Exercise requirements:
Take nothing but the lines from the one with "Jessica Keller played" through the one with "Pasadena, California, USA." in the entries below, both ends kept, and return them exactly with pictures left out.

Data for processing:
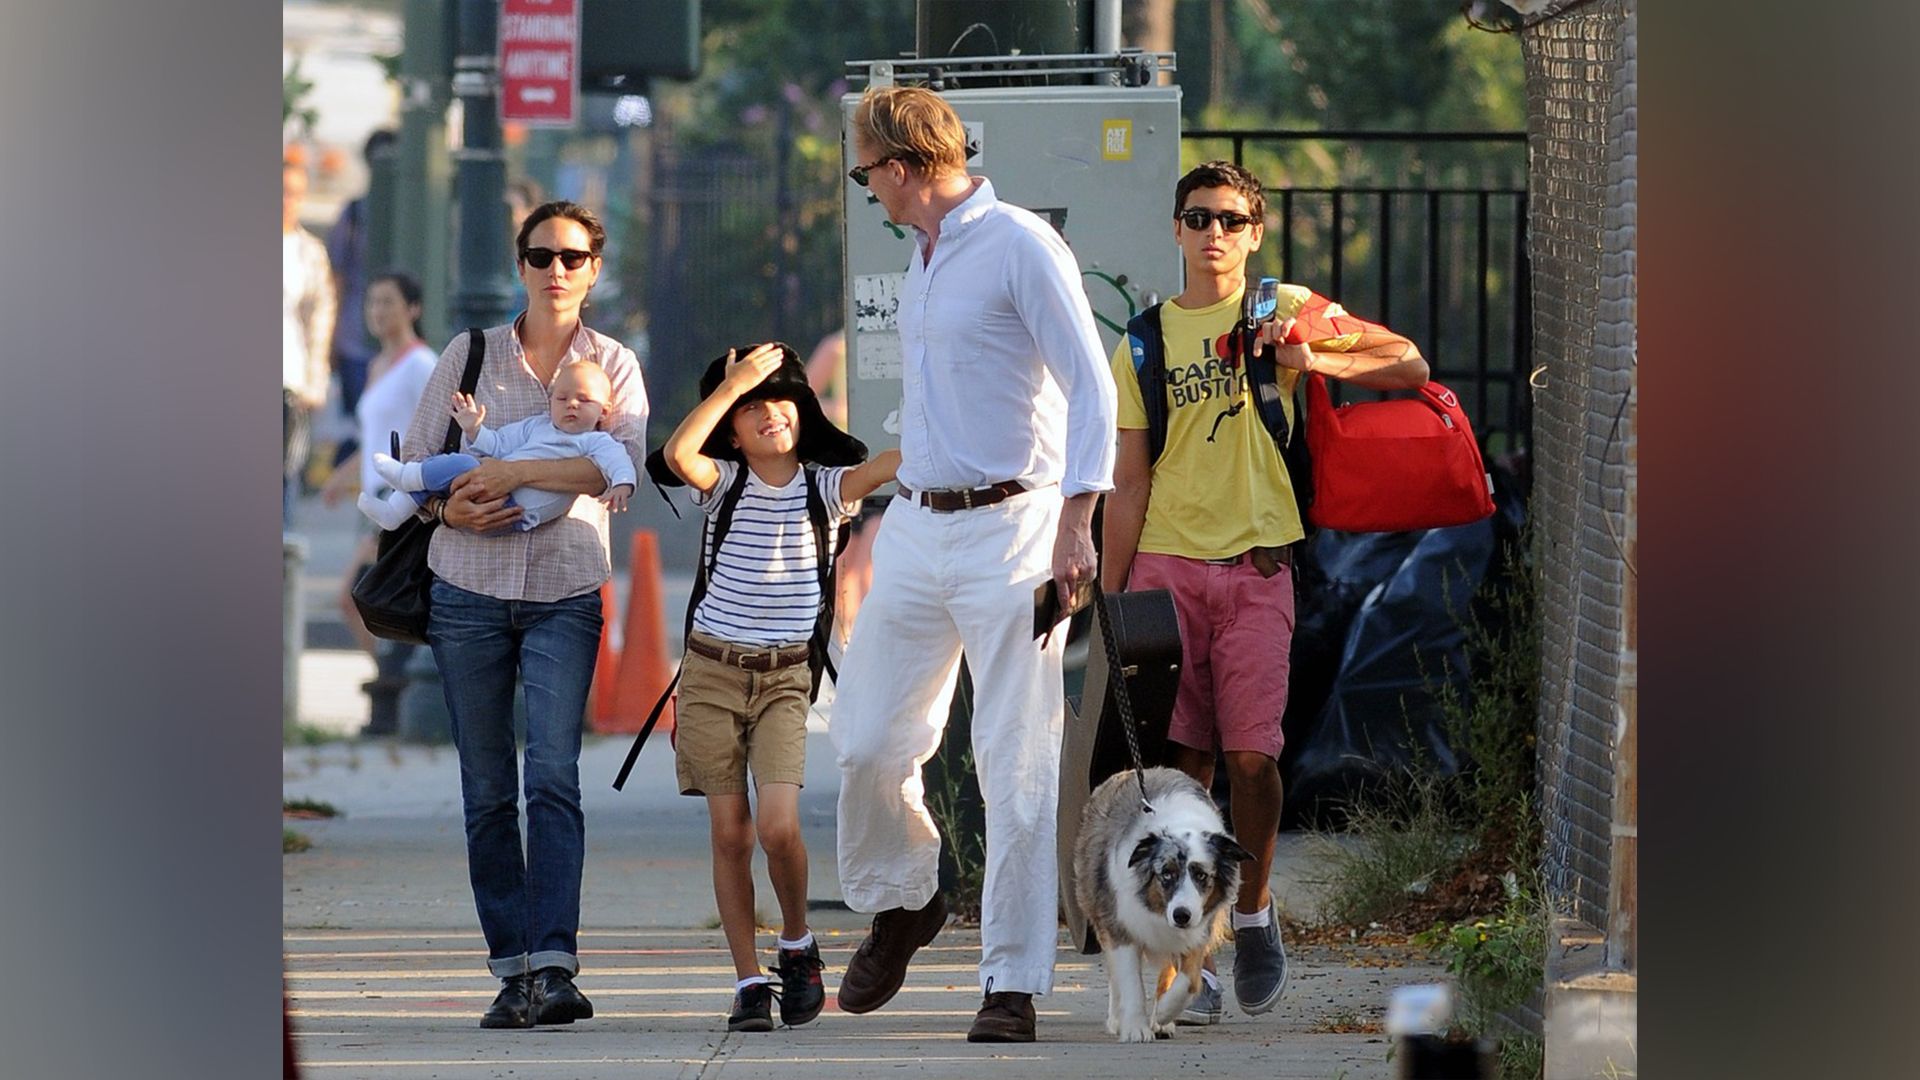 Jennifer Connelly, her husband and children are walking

* * *

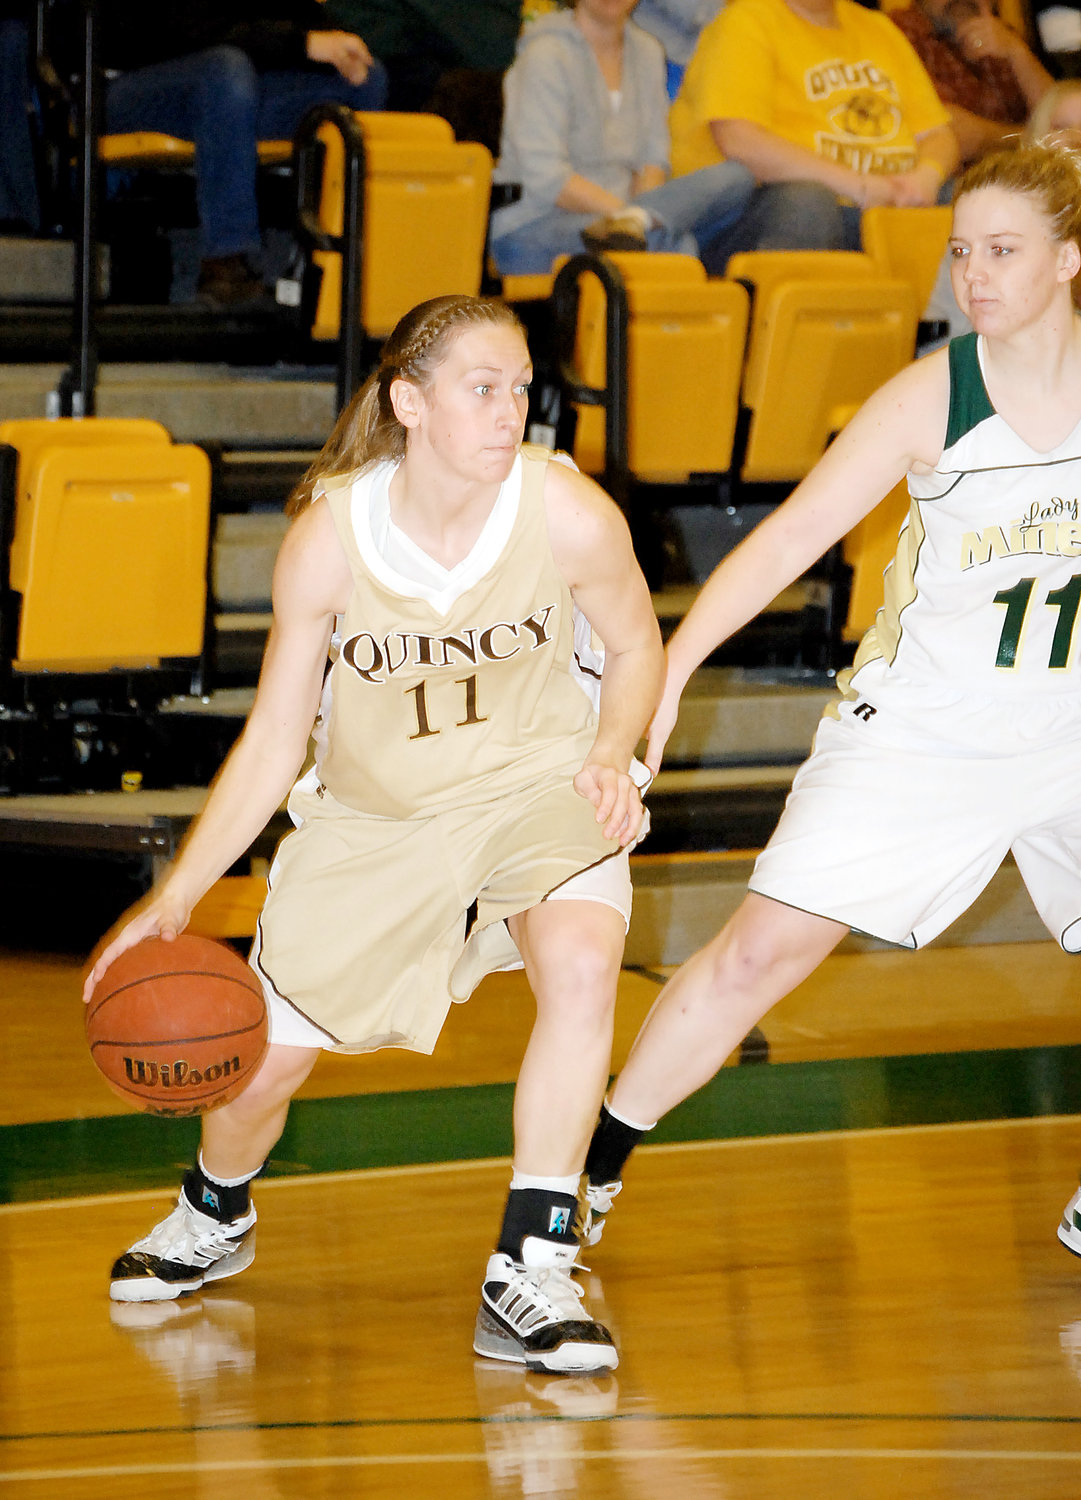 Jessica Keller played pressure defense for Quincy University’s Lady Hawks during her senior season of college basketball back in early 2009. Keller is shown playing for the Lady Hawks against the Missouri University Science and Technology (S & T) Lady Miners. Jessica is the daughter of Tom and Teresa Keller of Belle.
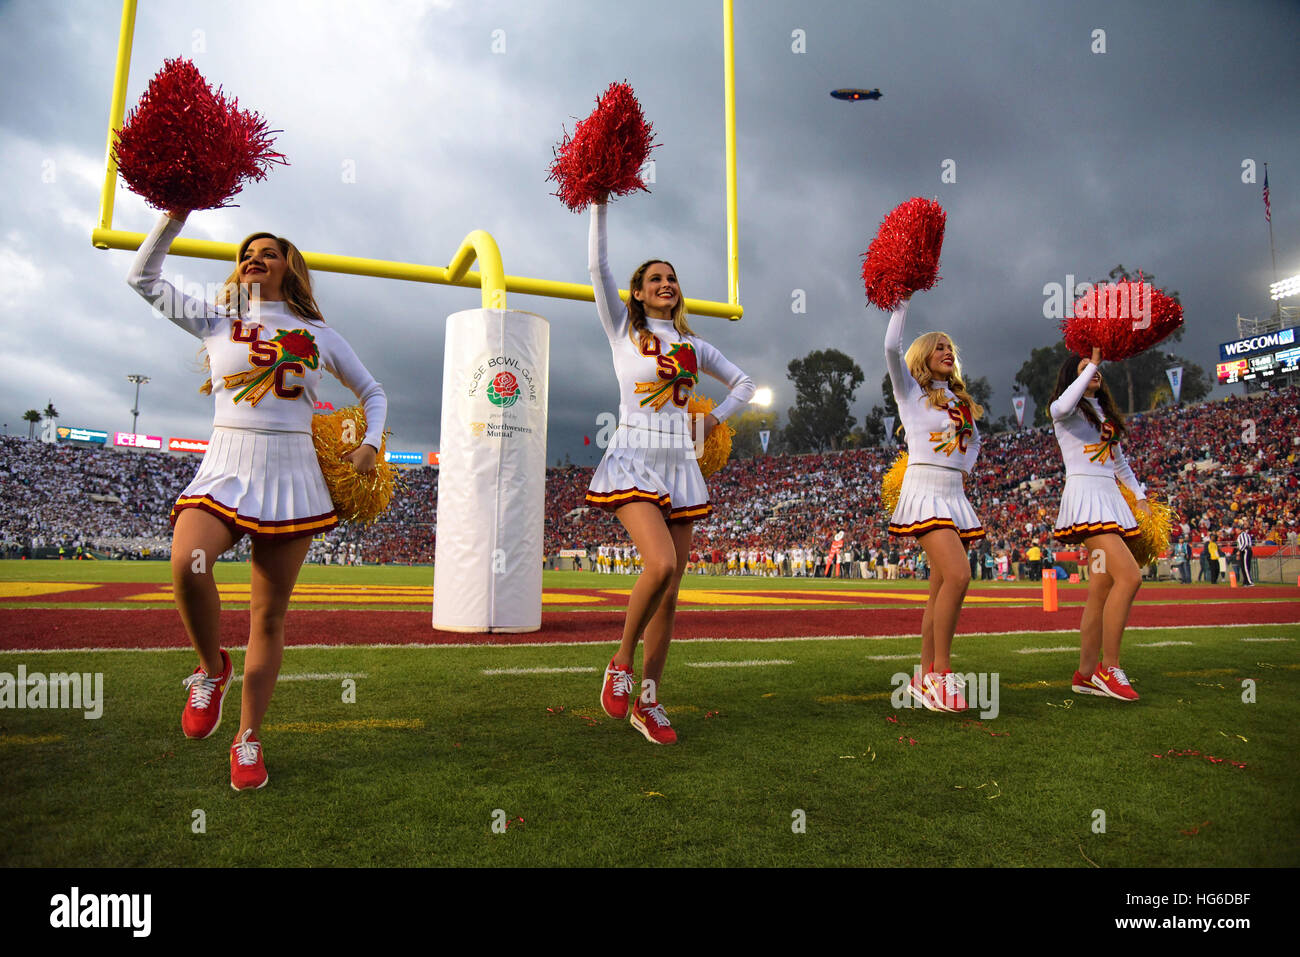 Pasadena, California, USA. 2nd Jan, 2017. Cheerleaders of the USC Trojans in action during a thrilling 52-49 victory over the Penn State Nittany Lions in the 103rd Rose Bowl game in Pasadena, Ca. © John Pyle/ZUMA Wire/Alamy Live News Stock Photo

==

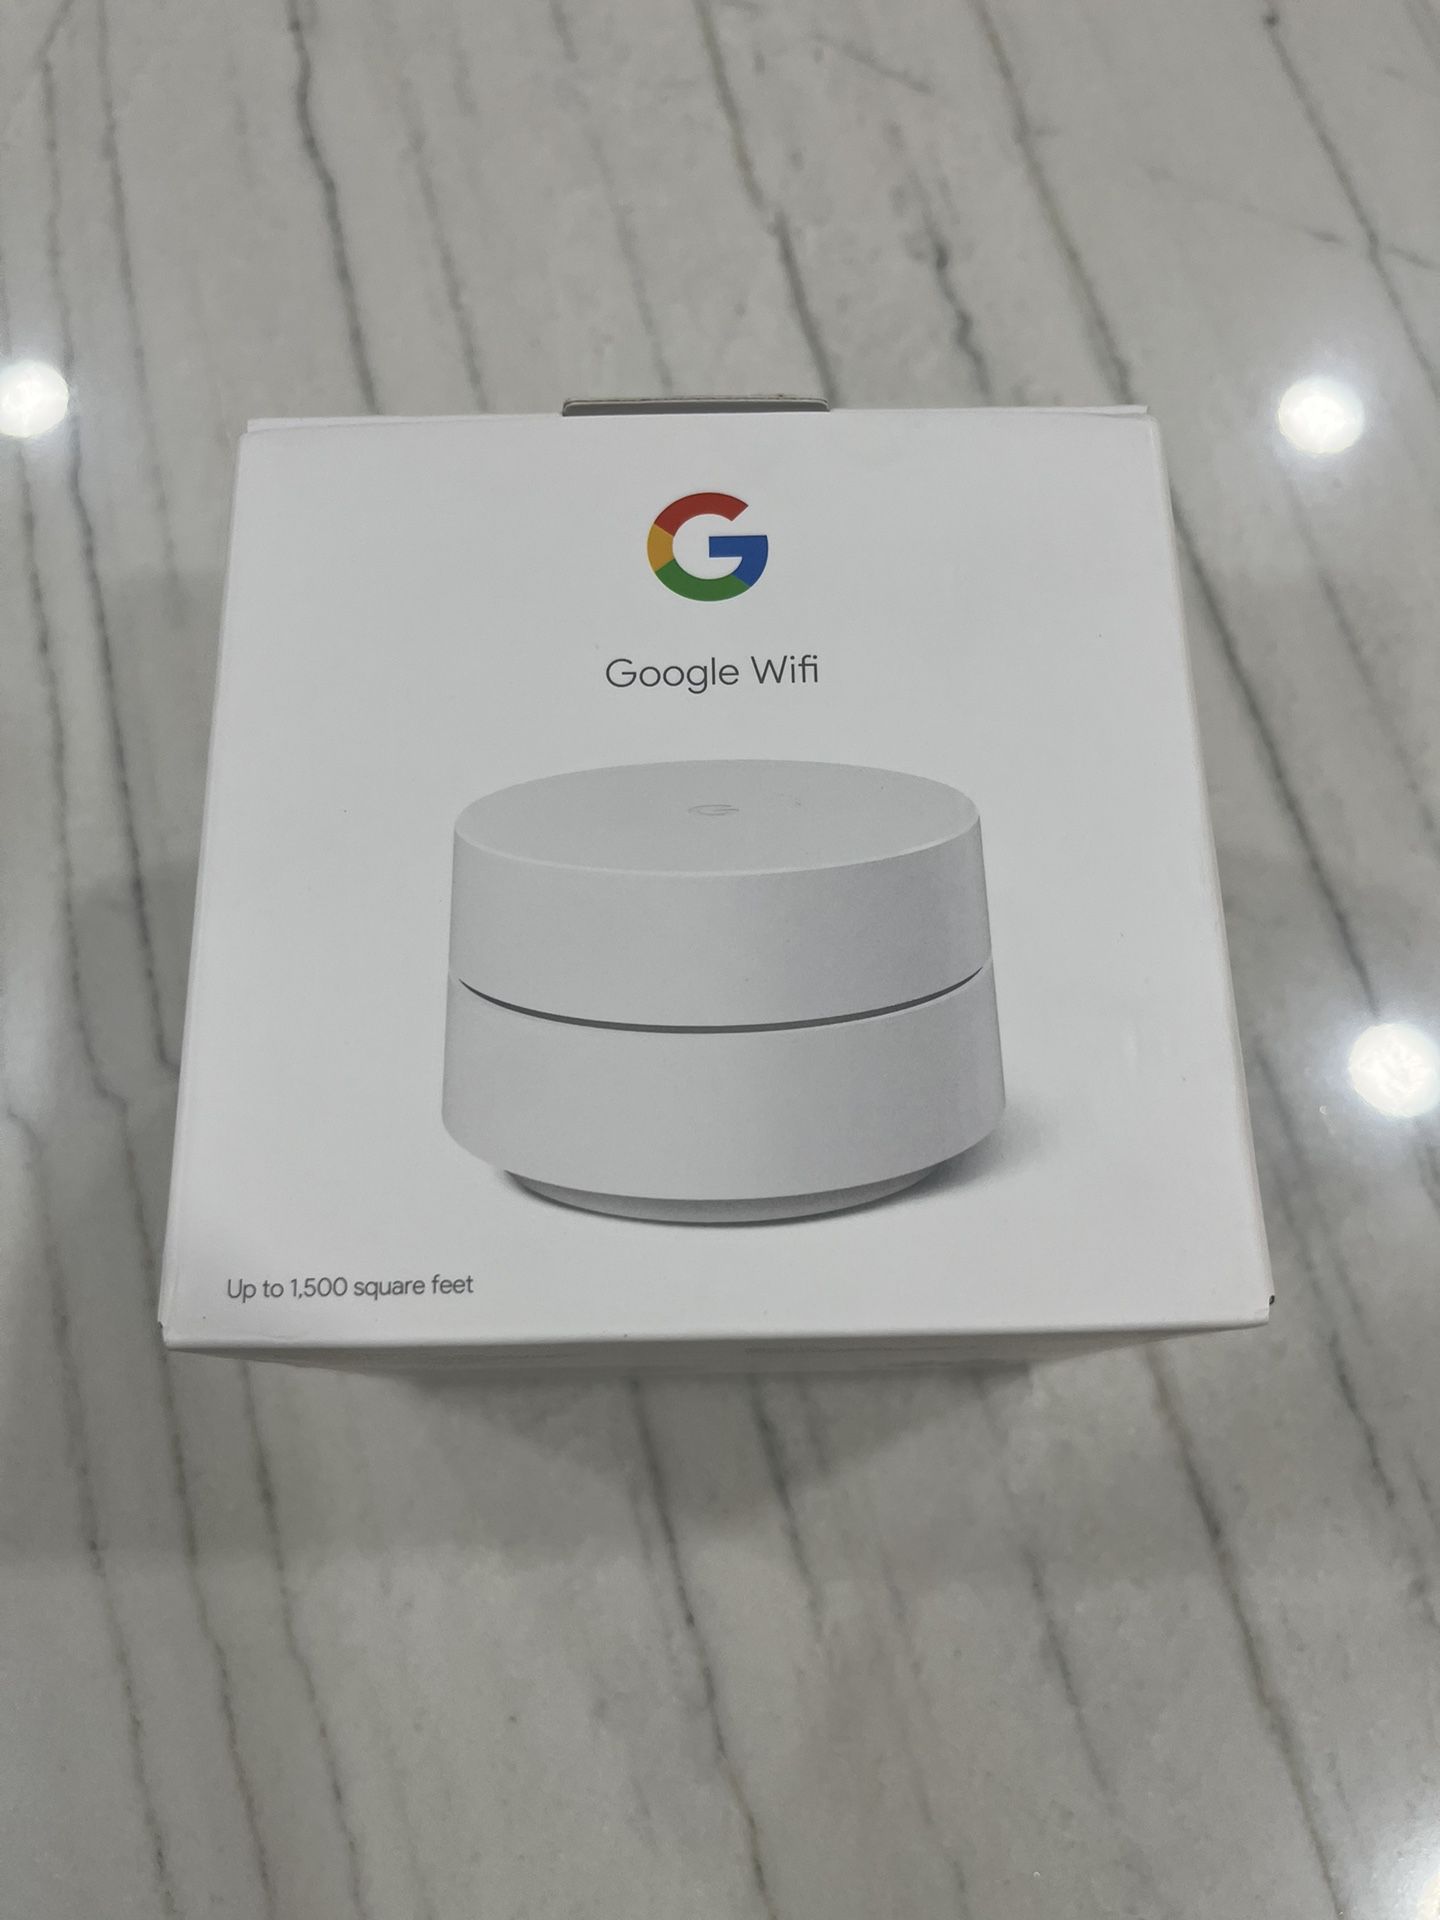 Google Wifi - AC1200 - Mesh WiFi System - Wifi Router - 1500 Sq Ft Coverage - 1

Written response:
 Jessica Keller played pressure defense for Quincy University’s Lady Hawks during her senior season of college basketball back in early 2009. Keller is shown playing for the Lady Hawks against the Missouri University Science and Technology (S & T) Lady Miners. Jessica is the daughter of Tom and Teresa Keller of Belle.
 Pasadena, California, USA. 2nd Jan, 2017. Cheerleaders of the USC Trojans in action during a thrilling 52-49 victory over the Penn State Nittany Lions in the 103rd Rose Bowl game in Pasadena, Ca. © John Pyle/ZUMA Wire/Alamy Live News Stock Photo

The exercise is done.